Best Parameters: {'classifier__n_estimators': 700, 'classifier__min_samples_split': 5, 'classifier__min_samples_leaf': 2, 'classifier__max_features': 'sqrt', 'classifier__max_depth': 50, 'classifier__bootstrap': True}
Best Cross-Validation Score: 0.8442000000000001


## Step 6: Make Predictions
We use the **best trained model** to predict labels for the evaluation dataset.

In [41]:
# Making the predictions

best_model = rand_search.best_estimator_

X_eval = fetch_data('EvaluateOnMe.csv')

y_eval = best_model.predict(X_eval)

# Save Predictions to File
with open("labels.txt", "w") as f:
    for prediction in y_eval:
        f.write(prediction + linesep)

## Compute Prediction Accuracy with Ground Truth Labels
We compare our predictions to the ground truth labels.

In [42]:
def read_labels(file_path):
    """Reads label files and returns them as lists."""
    with open(file_path, mode="r", encoding="utf-8") as file:
        return [line.strip() for line in file]

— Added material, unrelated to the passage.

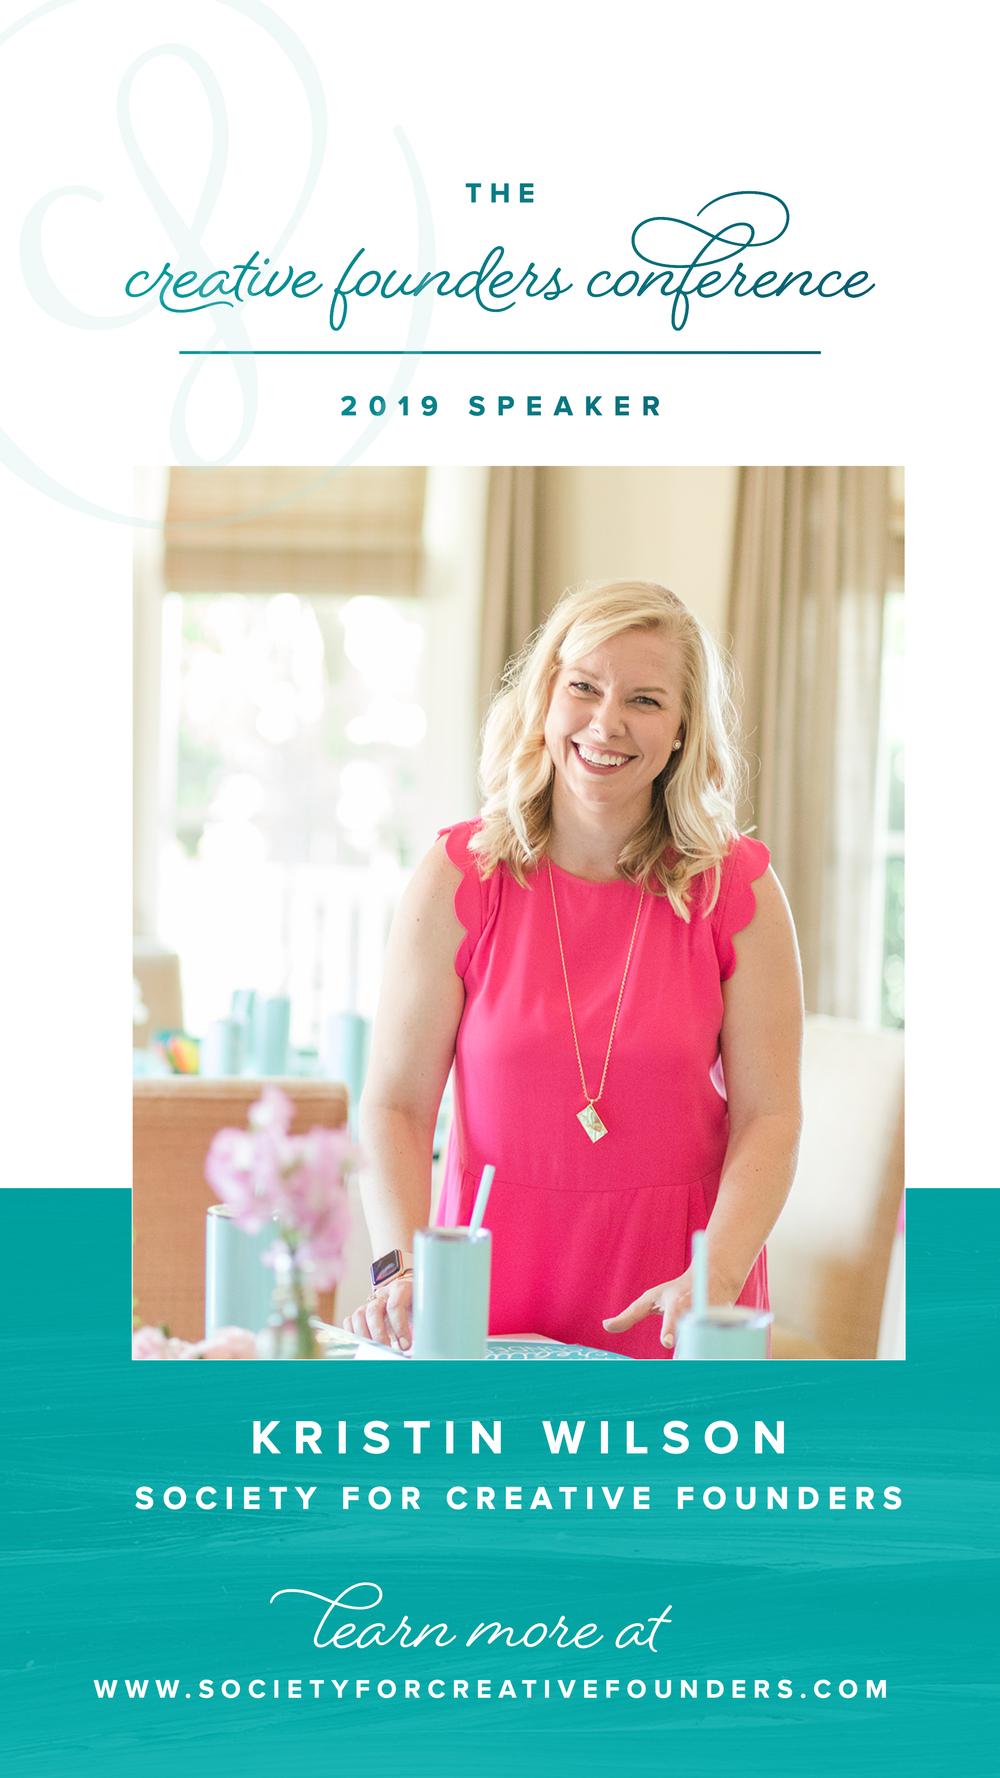 Kristin Wilson - Society for Creative Founders 2019 Speaker
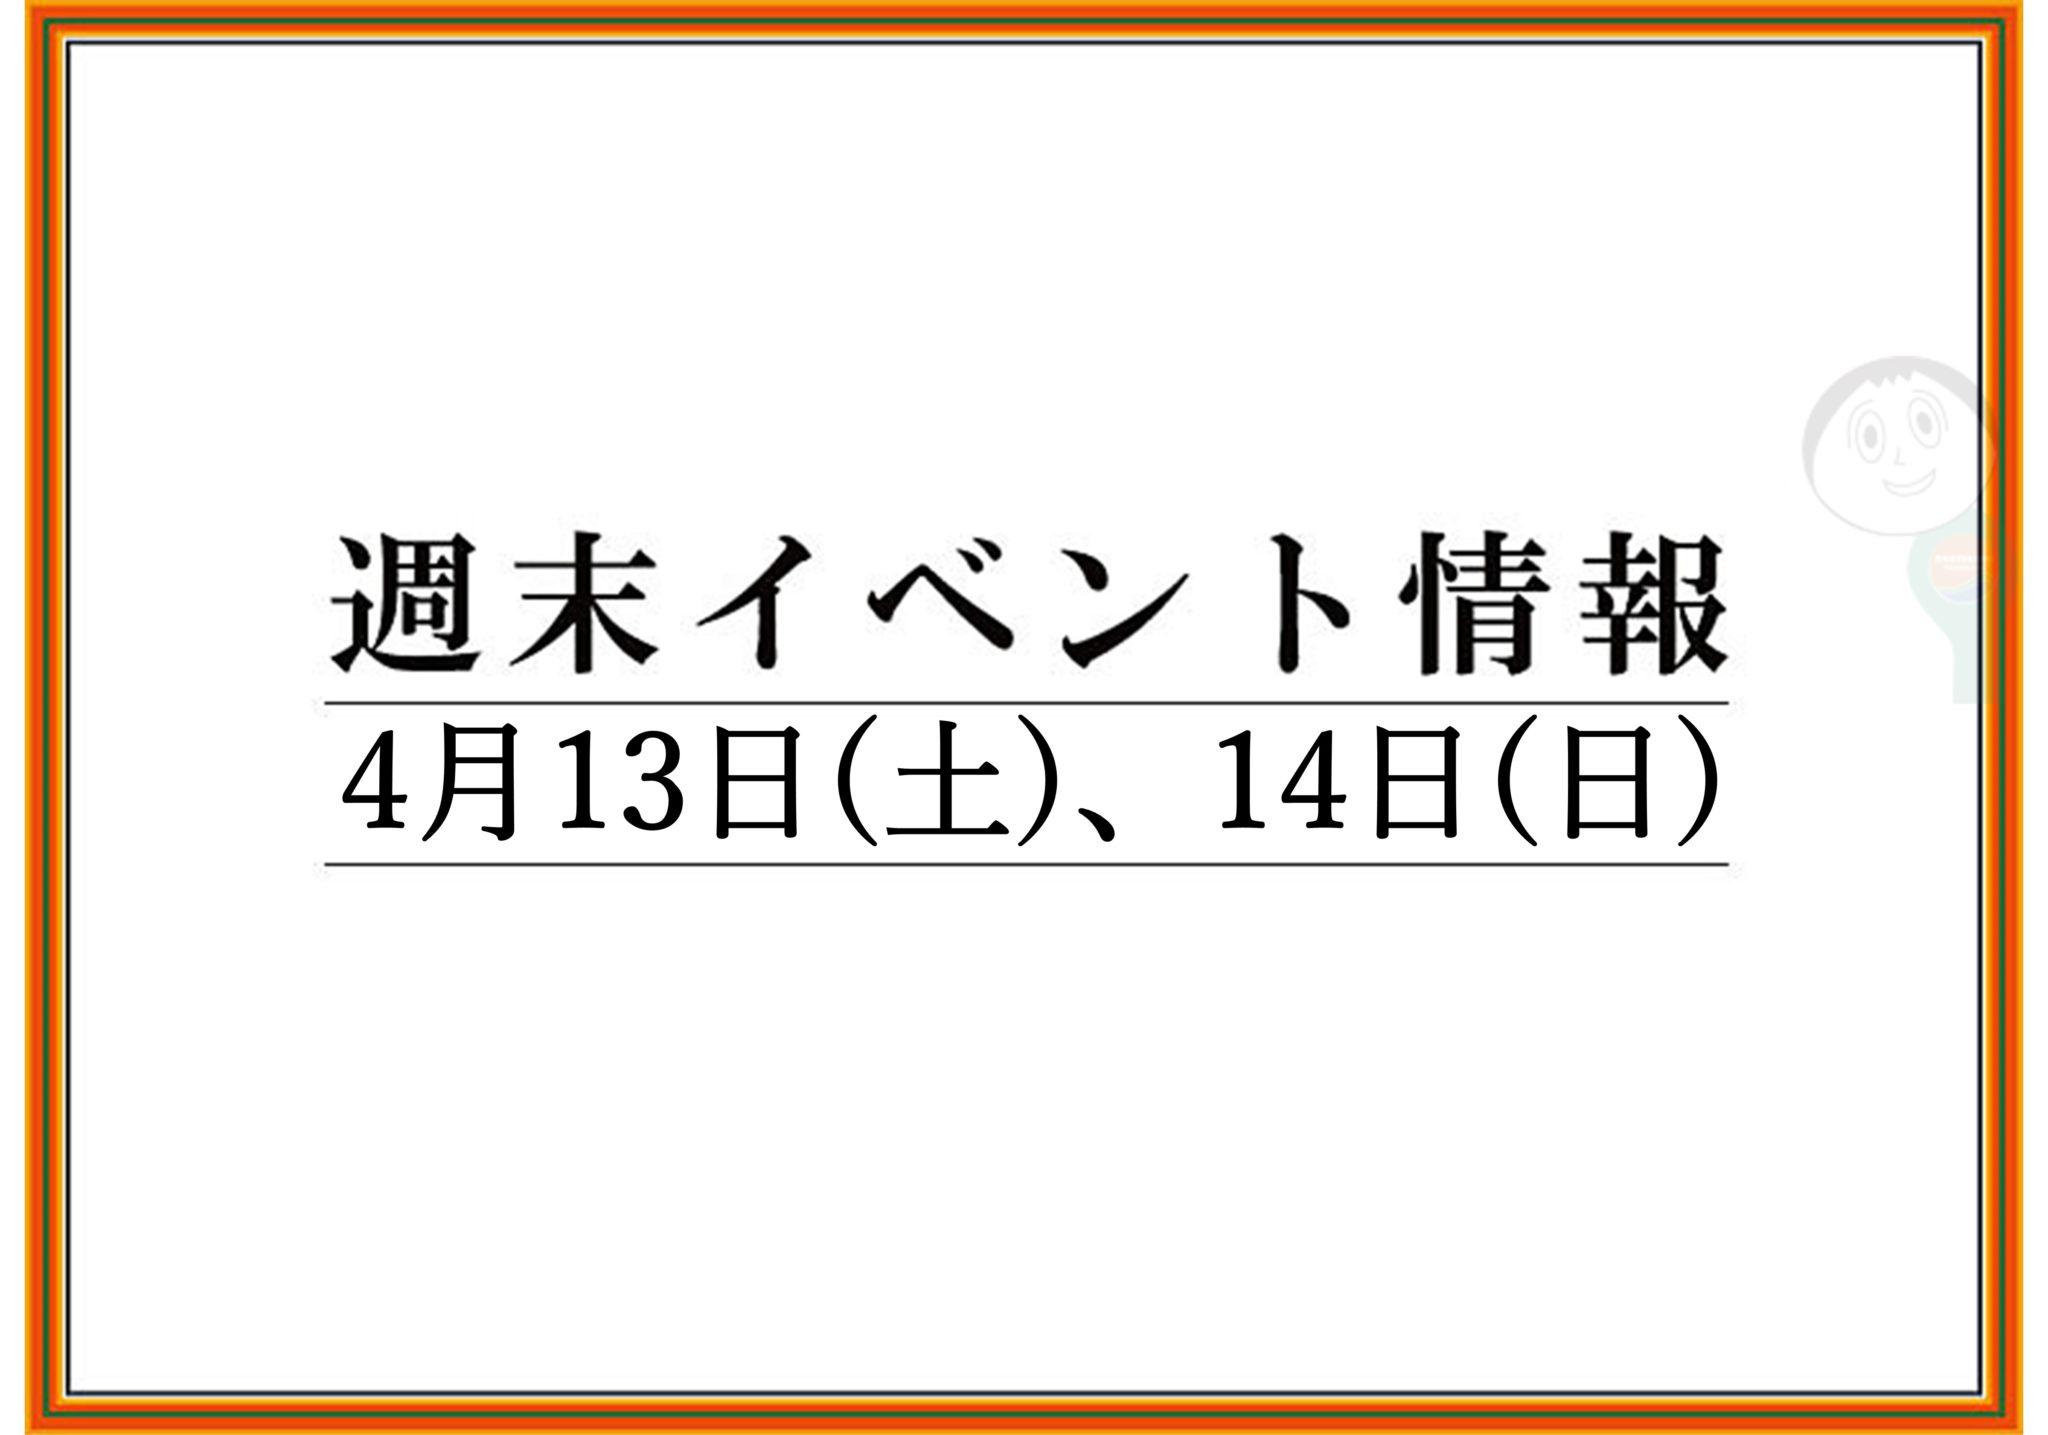 山形/上山/天童の週末イベント情報 4月13日(土),14日(日)

def calculate_label_correctness(file1_labels, file2_labels):
    """Compares two lists of labels and calculates correctness percentage."""
    min_length = min(len(file1_labels), len(file2_labels))
    file1_labels, file2_labels = file1_labels[:min_length], file2_labels[:min_length]

    matches = sum(1 for label1, label2 in zip(file1_labels, file2_labels) if label1 == label2)
    return (matches / min_length) * 100

csv_path = "EvaluationGT-5505b867-40a4-47b3-970b-d72adde17321.csv"
txt_path = "labels.txt"

csv_labels = read_labels(csv_path)
txt_labels = read_labels(txt_path)

percentage_correct = calculate_label_correctness(csv_labels, txt_labels)
print(f"Percentage of Matching Labels: {percentage_correct:.2f}%")

Percentage of Matching Labels: 84.82%


## Step 8: Summary of Results
- The best model was **{Random Forest}** with an average accuracy of **84.42%**.
- Predictions were saved in `labels.txt`.
- The correctness of our predictions against the ground truth is **84.82%**.